Honey, you will lose your beauty
and your handsome sweetie, this whine,
this agitation, the one you sent for
with your leather boots and your guitar.
The lonesome snag of barbed wire you have
wrapped around your heart is cash money,
honey, you will have to pay.
Poet's note: “Ontological” adapts the phrase “…when you go looking for what is lost, everything is a sign” from Eudora Welty's story “The Wide Net.”
LONG STORY
from Windfall: New and Selected Poems (2000)
To speak in a flat voice
Is all that I can do.
—James Wright, “Speak”
I need to tell you that I live in a small town
in West Virginia you would not know about.
It is one of the places I think of as home.
When I go for a walk, I take my basset hound
whose sad eyes and ungainliness always draw
a crowd of children. She tolerates anything
that seems to be affection, so she lets the kids
put scarves and ski caps on her head
until she starts to resemble the women who have to dress
from rummage sales in poverty's mismatched polyester.
The dog and I trail the creek bank with the kids,
past clapboard row houses with Christmas seals
pasted to the windows as a decoration.
Inside, television glows around the vinyl chairs
and curled linoleum, and we watch someone old
perambulating to the kitchen on a shiny walker.
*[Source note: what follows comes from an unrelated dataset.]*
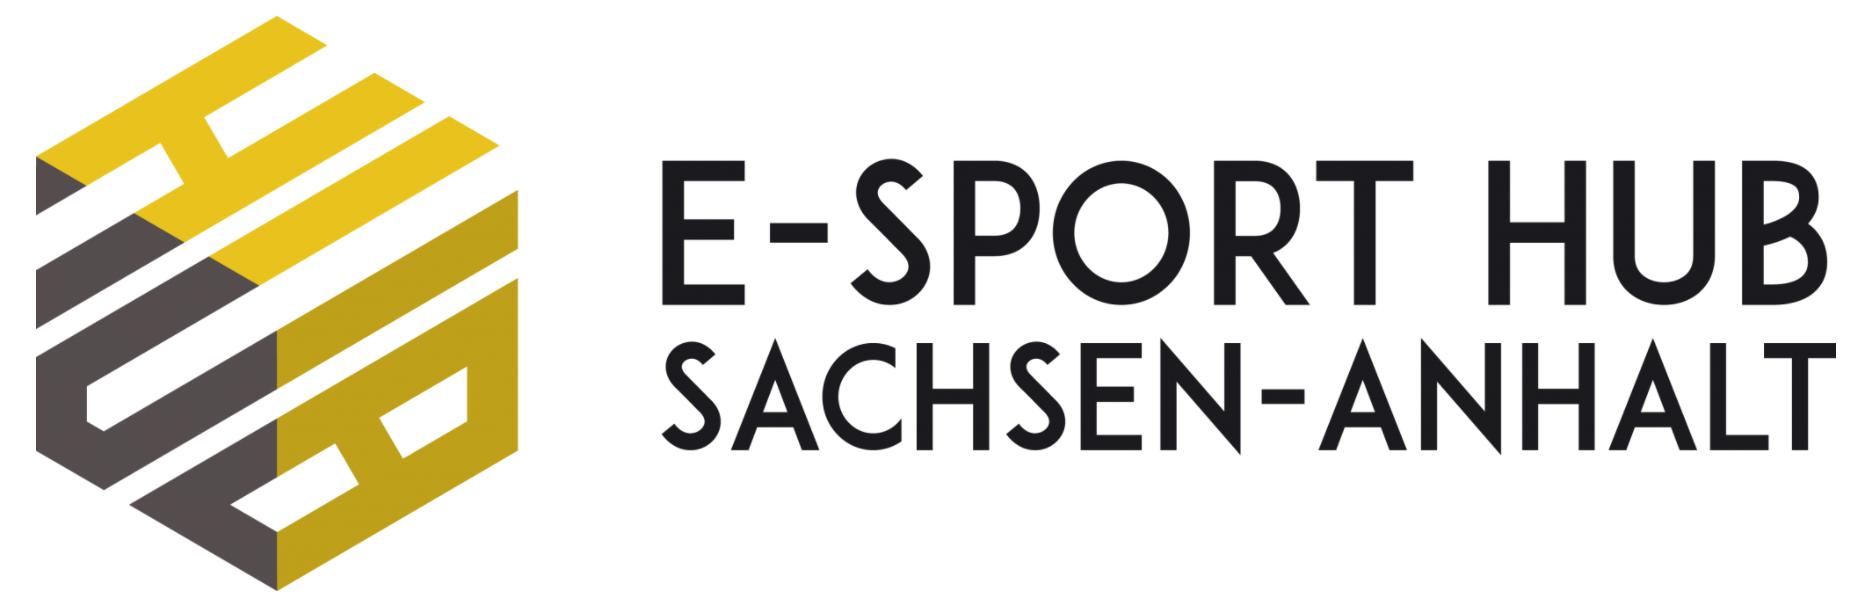 E-SPORTS HUB SACHSEN-ANHALT

Up the hill in town, two stores have been
boarded up beside the youth center and miners
with amputated limbs are loitering
outside the Heart and Hand. They wear Cat diesel caps
and spit into the street. The wind
carries on, whining through the alleys,
rustling down the sidewalks, agitating
leaves, and circling the courthouse steps
past the toothless Field sisters who lean
against the flagpole holding paper bags
of chestnuts they bring to town to sell.
History is one long story of what happened to us,
and its rhythms are local dialect and anecdote.
In West Virginia a good story takes awhile,
and if it has people in it, you have to swear
that it is true. I tell the kids the one about
my Uncle Craig who saw the mountain move
so quickly and so certainly it made the sun
stand in a different aspect to his little town
until it rearranged itself and settled down again.
This was his favorite story. When he got old,
he mixed it up with baseball games, his shift boss
pushing scabs through a picket line, the Masons
in white aprons at a funeral, but he remembered
everything that ever happened, and he knew how far
he lived from anywhere you would have heard of.
Anything that happens here has a lot of versions,
how to get from here to Logan twenty different ways.
The kids tell me convoluted country stories
full of snuff and bracken, about how long
they sat quiet in the deer blind with their fathers
waiting for the ten-point buck that got away.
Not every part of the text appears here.